St Martin's Church, Osmaston is a Grade II* listed parish church in the Church of England in Osmaston, Derbyshire Dales.

==History==

The original church may have dated from 1606. The first stone of the new church was laid on 8 June 1843. and it was designed by Henry Isaac Stevens of Derby. It consists of a nave, aisles, chancel, west tower, south porch and vestry. The external stone for the walls is limestone from land owned by Henry FitzHerbert, 3rd Baronet of Tissington, and other stone from the quarries at Stanton near Ashbourne was used for the windows, doors, buttresses, and moulded and ornamental portions. The builder was William Evans of Ellastone, Ashbourne.
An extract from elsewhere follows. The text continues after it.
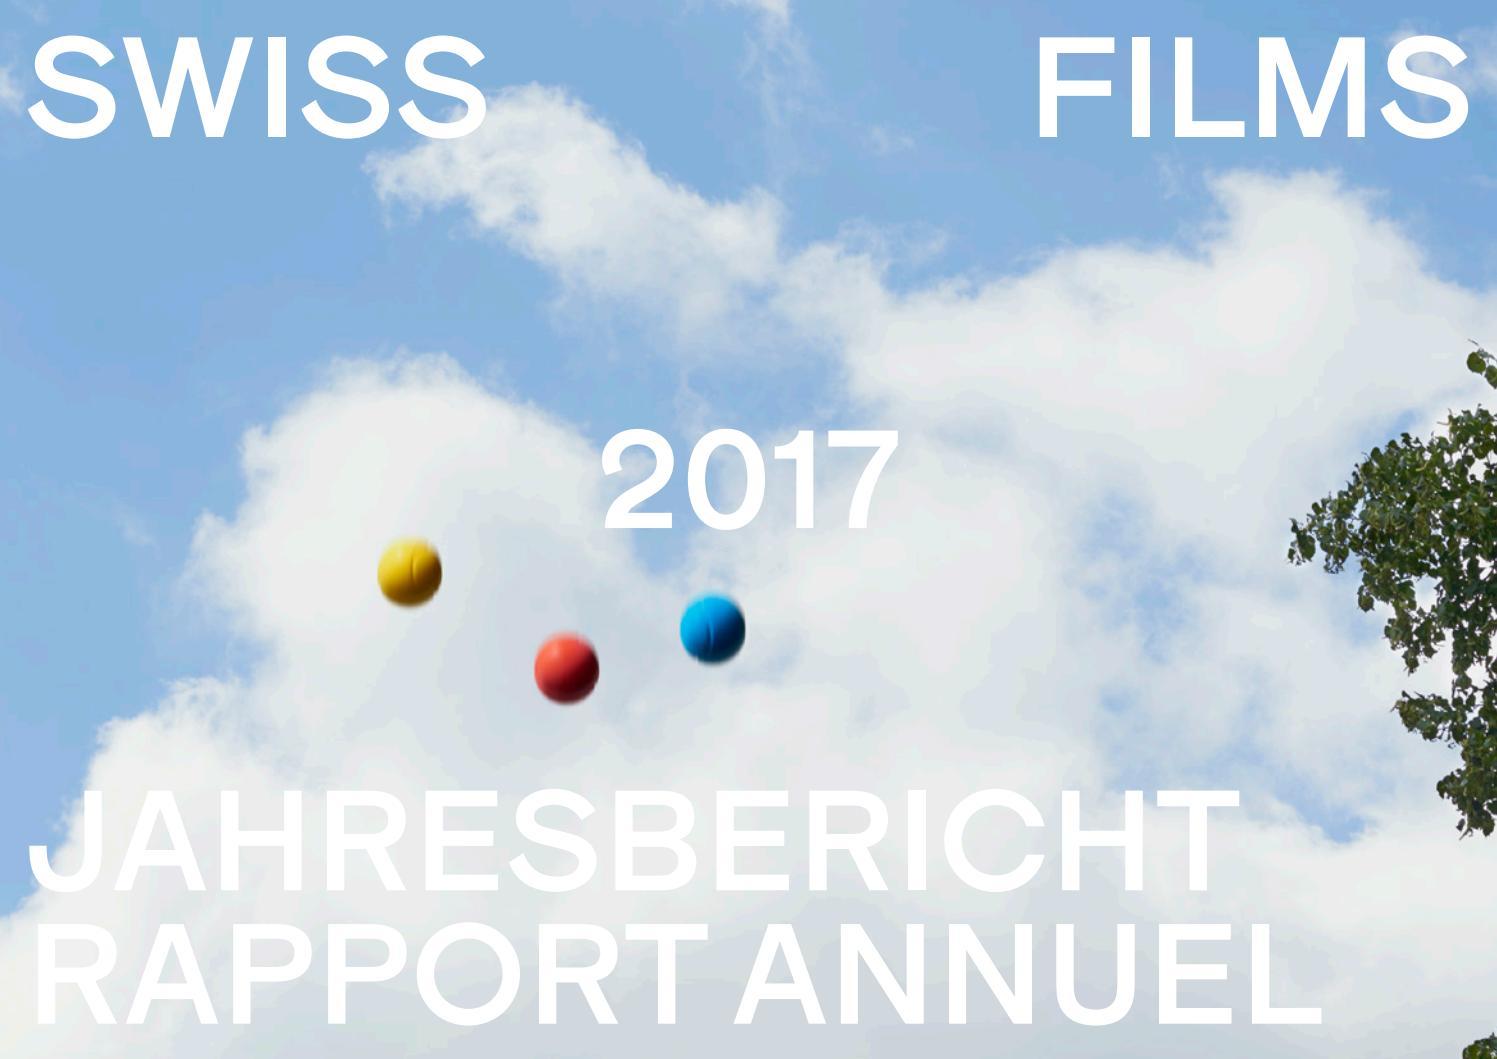 Jahresbericht Rapport Annuel 2017 By Swiss Films Issuu

The £9,000 cost of rebuilding plus the attached school-rooms was funded by Francis Wright of Lenton, Nottingham, and the church was consecrated by the Bishop of Lichfield, Rt. Revd. John Lonsdale on 23 June 1845.

==War memorial==

The churchyard contains a Grade II listed war memorial of 1921 by Walter Shirley, 11th Earl Ferrers.

==Parish status==
The church is in a joint parish with
- All Saints' Church, Brailsford
- St James' Church, Edlaston
- St Michael's Church, Shirley
- Holy Trinity Church, Yeaveley

==Organ==
The church contains a pipe organ which was obtained in 2000 from the United Reformed Church, Ashbourne. It was installed within the casework of the previous Brindley & Foster organ. A specification of the current organ can be found on the National Pipe Organ Register.

==Bells==

The church tower contains a peal of 6 bells, 5 of them dating from 1845 by Charles and George Mears. The treble dates from 1914 and was cast by Mears and Stainbank.